Reminded that Obama demanded a bill that lowers health care spending, Gruber said: “That is what he would like to do. But he’s not doing it.”
I agree both him and the white house should have disclosed their ties though.
JeffL
1654
I see another opportunity for unintended consequences:
Reading about some of the arguments going on between the House and the Senate, and one seemingly trivial note was made about a part of the bill that the House has included that requires insurance companies to spend no more than 15% of their income (which comes in the form of premiums) on salaries, advertising, basically any company expenses. The Senate has the same rule, just at 20% instead of 15%.

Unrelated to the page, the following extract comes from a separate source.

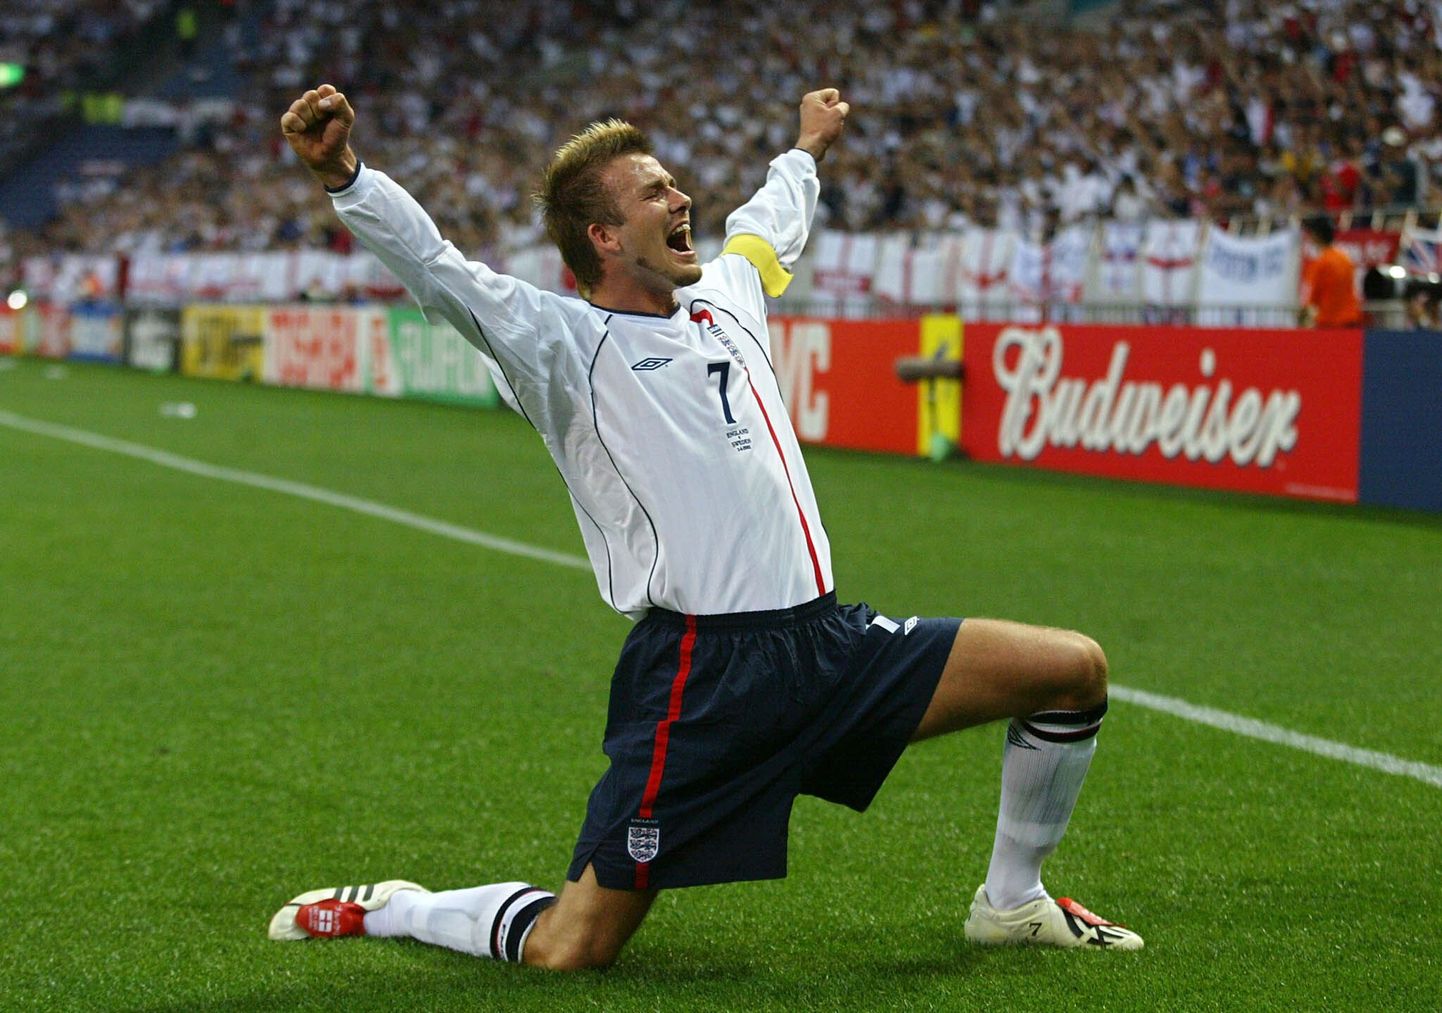 Inglismaa koondise särgis pidas Beckham 115 kohtumist ja lõi selle aja jooksul 17 väravat. Aastaid kandis ta koondises ka kaptenipaela.

The idea sounds laudable: premiums must go to paying medical costs of the insured. But what do you think the companies will do in response to this? You’ve said “OK, only 15% of the money you take in from payments can be used to pay for the company operating expenses.” Think they will fire people? Drop salaries? Lower advertising? Or will they simply raise premiums such that the 15% is enough to cover their current and future costs?
Duh. Another force to raise the price of insurance.
jeffd
1655
So it looks like the Democratic candidate for Ted Kennedy’s Senate seat is in real trouble. If the GOP picks up that seat, it all but puts the nail in the coffin for healthcare reform.
If that happens - and I don’t have a good feel for how likely it is - the only option to evade a filibuster is for the House to pass the Senate bill as-is.
Yeah, ignore the sturm und drang. The recent poll is an outlier, and she’s been consistently ahead by double-digits elsewhere.
jeffd
1658
Hopefully. There seems to be a lot of nervousness around this race though. I think the actual likelihood of the GOP nominee winning is pretty low, but it’s still alarmingly high given a) how much of a Democratic bastion Massachusetts is and b) how high the stakes are.
Its going to be a closer race then people think, she has been running like the seat is something just to be given to her and people dont like that. Now I still think she will win, but its going to be close.
To be on the safe side, I am making sure everyone I know goes out and votes.